Лето после шестого курса, после всего этого кошмара, проходило относительно спокойно.
Как-то, дождливым летним днём — что при местном климате не редкость — Оливер был дома один. Родителей опять вызвали в больницу. А у отца к тому же сегодня дежурство.
Мистер и миссис Вуд — настоящие профессионалы, без них не обойтись. Сын двух колдомедиков, Оливер всё понимал, и с детства привык часто оставаться один. Точнее, с верной домовухой Тикли. Она еще его отца нянчила. Тикли хорошо справлялась со своими обязанностями, и в качестве развлечения детей — что Вуда-старшего, что Вуда-младшего — любила их щекотать, за что и получила своё имя*.
Впрочем, всё своё свободное время родители отдавали сыну, и Оливер никогда не считал себя нелюбимым или брошенным.
Погода была нелетная — ладно бы дождь, но ветер, что всё усиливался и постоянно менял направление, не дал бы даже взлететь. Но Оливеру не привыкать находить себе занятие. Обычно он ходил гулять — один или с соседскими ребятами, летал, выделывая различные фигуры в небе и исследуя окрестности. Но из-за погоды этого, конечно, не будет. Потому остается только дом. Он переделал уже всё, что только можно было по дому и саду — разумеется, так, чтобы Тикли не видела, иначе опять будет от горя пытаться отпилить себе руку чем-нибудь из подручных средств (ложкой, например), сопровождая всё это жалобными воплями: «Позор! Тикли не справляется! Тикли заставляет хозяина работать!»
Но Оливер не мог усидеть на месте.
Впрочем, в саду работать домовухе всё равно почти не давали. Миссис Вуд полагала, что работа с землей — совершенно особая магия. В конце концов, маг должен хорошо работать не только своей волшебной палочкой, а еще и руками, и самое главное — головой.
Но странно: Оливер всё переделал, испытал некоторые древние заклинания, отжался лишние двадцать раз, а тоска, поселившаяся в нём с начала каникул, всё никак не уходила. Он старался скрыть её и мысленно злился на себя. В самом деле, ну что это с ним творится?
И началось это, пожалуй, с того момента, когда они расстались на всё лето с Перси. Странно, но почему в прошлые года такого не было?
Наверное, потому, что в прошлом, позапрошлом и всех остальных годах они оба знали, что за лето обязательно встретятся. Как минимум две недели летних каникул либо Оливер проводил в Норе, либо Перси — в доме Вудов. Последнее, впрочем, чаще — не хотелось стеснять и без того стесненную семью Уизли, а в доме Вудов Перси всегда были рады. Сдержанно рады, конечно. Но, зная своих родителей, Оливер даже шутил, что, если бы была возможность, они бы его усыновили. Друга часто ставили ему в пример: Перси, мол, и то, и другое умеет, но Оливер видел, каким трудом достается всё это ему и не завидовал. Наоборот, уважал.
А теперь они этим летом не встретятся. Перси теперь — в Египте со всей своей семьей. Они выиграли путевку в лотерею, насколько было известно. Повезло так повезло.
«Ну, наконец-то траты на лотерейные билеты окупились», — полушутя-полусерьезно говорил Перси.
А когда Уизли вернутся, Оливера здесь уже не будет. Его родители договорились об отпуске и они всей семьей отправятся в Испанию.
Перси писал ему часто, чуть ли не каждый день. В свойственной ему манере он описывал красоты Египта и всякие интересные места, вещи, события. А между строк — сожаление о том, что друга нет рядом и в полной мере всё увиденное не разделить ни с кем: «Ты бы видел: …», «Тебе бы понравилось…».

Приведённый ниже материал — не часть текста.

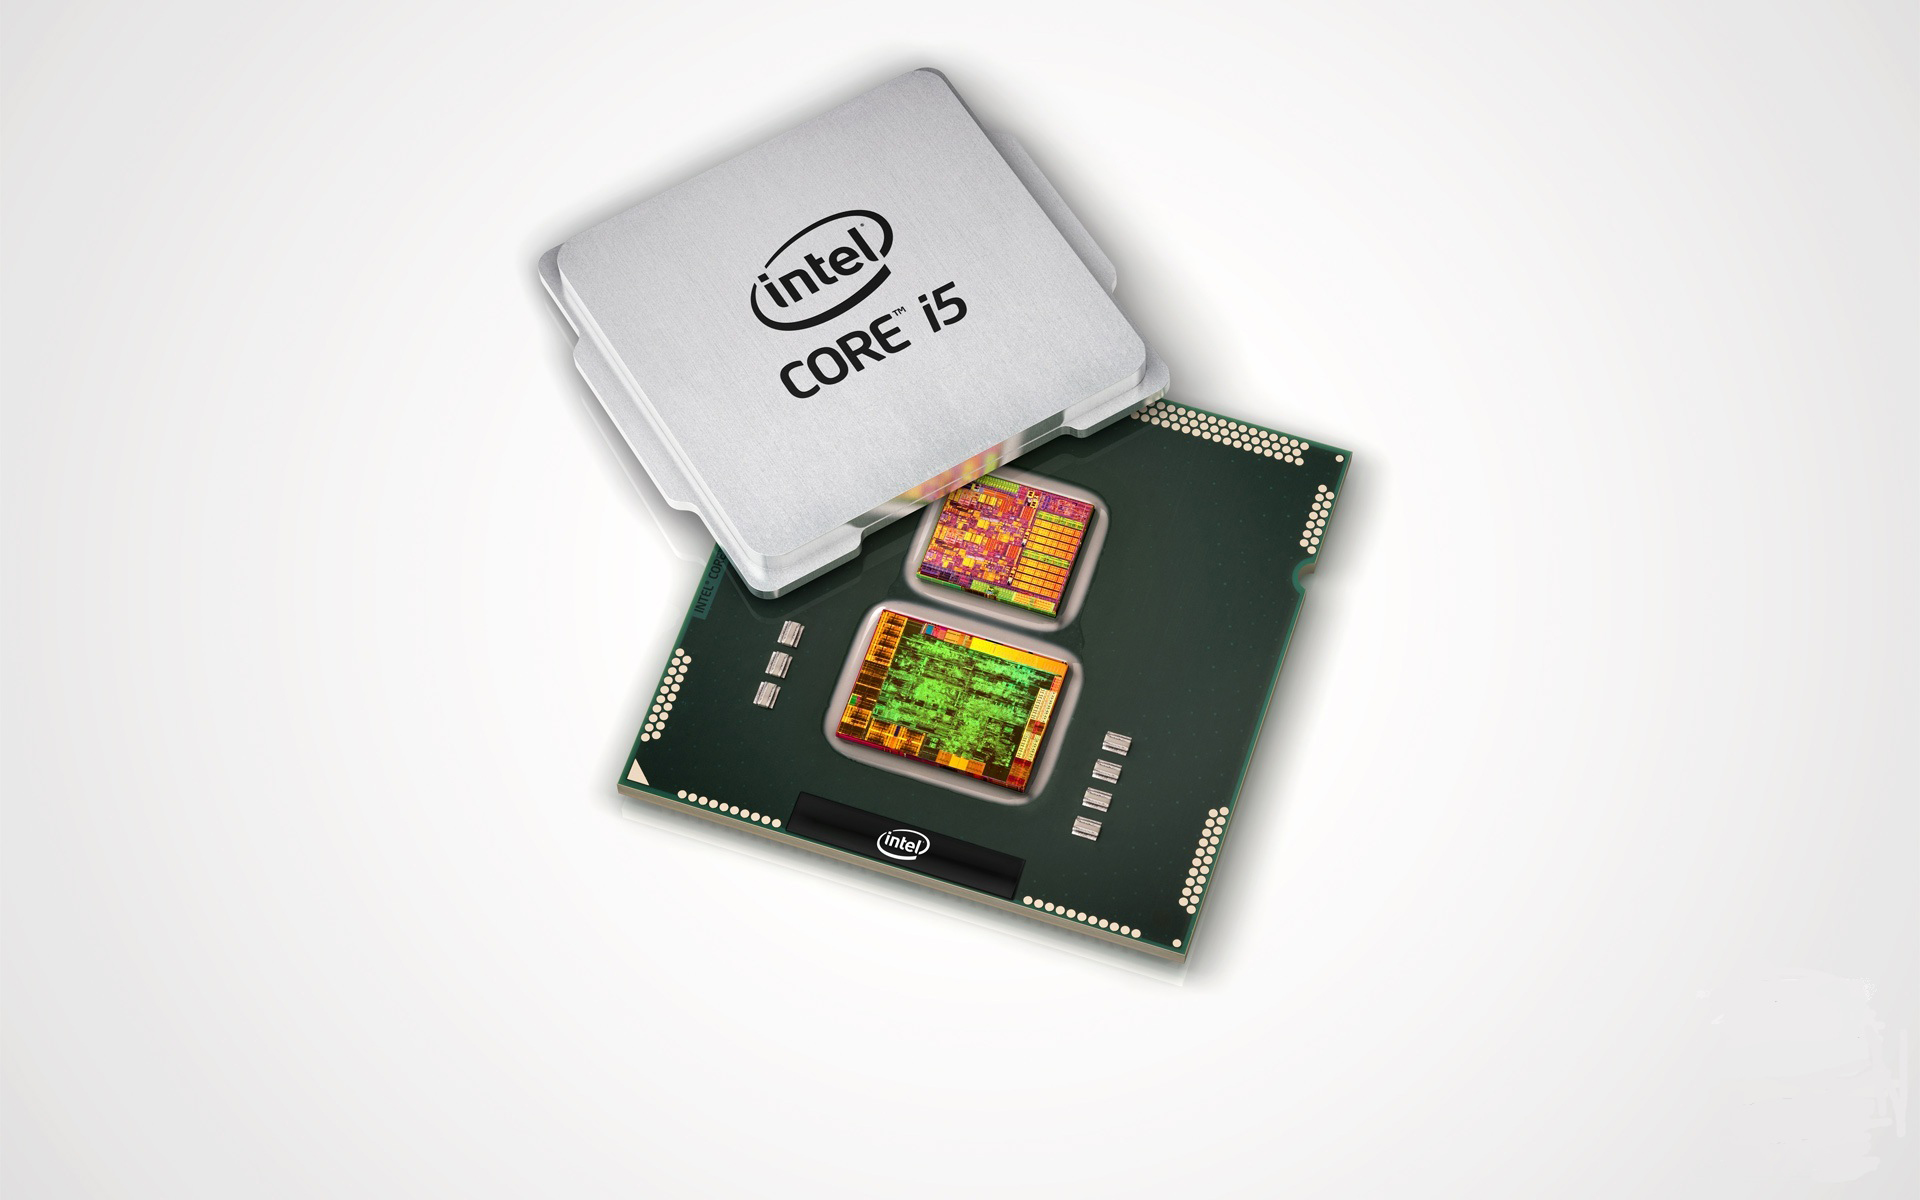 Intel Core I5 Die Wallpaper HD 99wallpaper
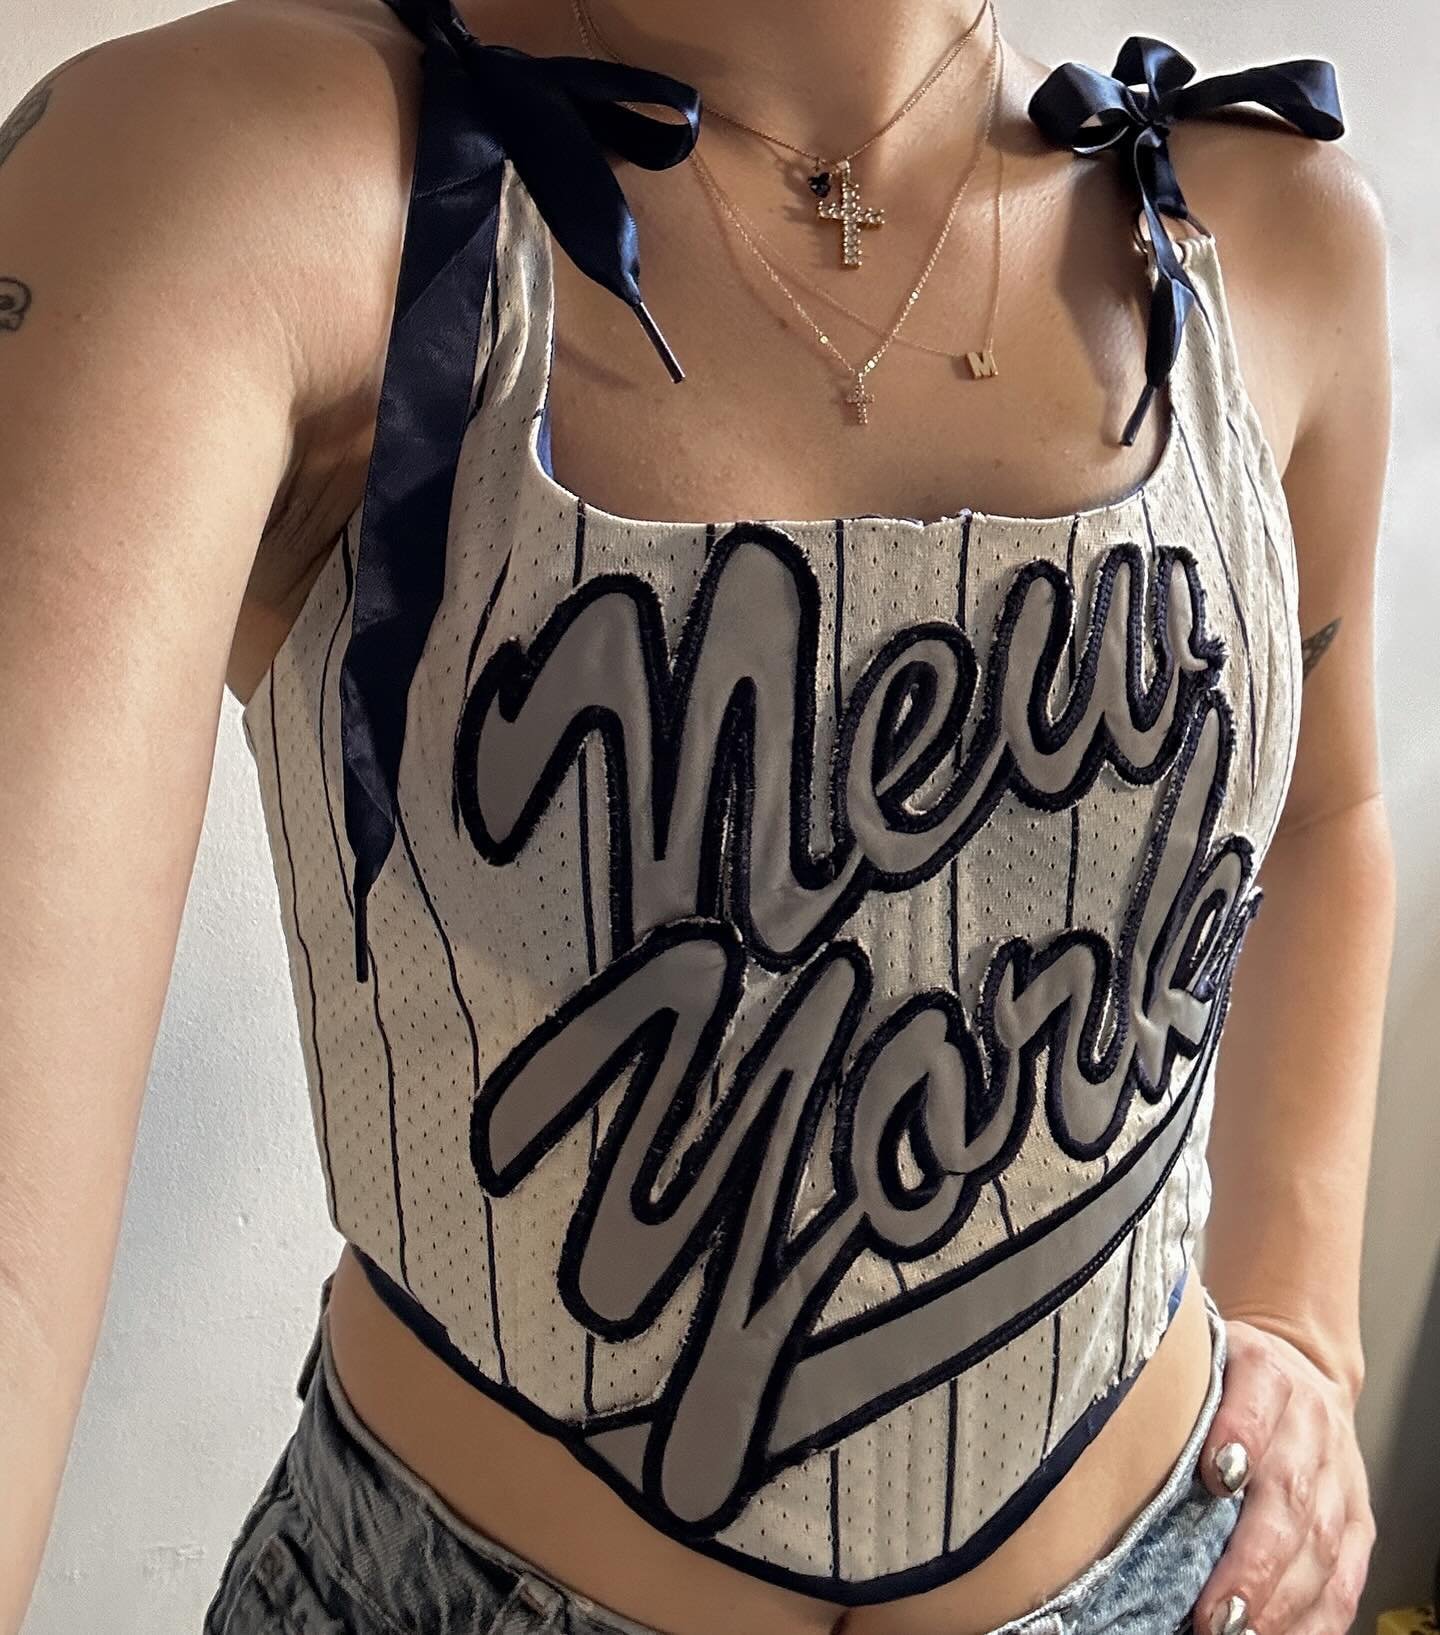 Custom order for a Yankees fan ready for the season ⚾️🗽

Но в остальное время — когда была вот такая вот погода, когда он не читал новое письмо и не писал на него ответ — Оливер чувствовал себя неприкаянным. Всё было не то и не так. И в этот день — тоже. Он успешно скрывал своё состояние от других, мысленно злился на себя, но ничего не мог поделать.
— Хозяину Оливеру грустно? — спросила его неслышно вошедшая Тикли.
— С чего ты взяла? — удивленно обернулся парень. И откуда она всё знает?
— Молодой хозяин совсем как его отец, — ответила домовуха. — Кажется веселым, а глаза выдают. Тикли всё видит.
Оливер только усмехнулся. Надо же, всё она видит!
— Это из-за того, что нелетная погода? — продолжила тем временем Тикли.
— И это тоже, — уклончиво ответил он.
Тикли подошла к нему поближе и склонила голову набок. Посмотрела так пару секунд, и вновь выпрямилась.
— Хозяин Оливер хорошо умеет выбирать друзей. Мистер Персиваль, например, — ни с того ни с сего заговорила вдруг снова она.
Именно «Персиваль», не «Перси». Тикли наотрез отказывалась называть «мистера Уизли» таким коротким и неправильным, по её мнению, именем. Перси так и не смог убедить упрямую домовуху, что это и есть его полное имя**.
— Мистер Персиваль добрый и благородный, как лорд. Всегда хорошо говорил с Тикли. Даже не ругался, когда она чуть не испортила его мантию.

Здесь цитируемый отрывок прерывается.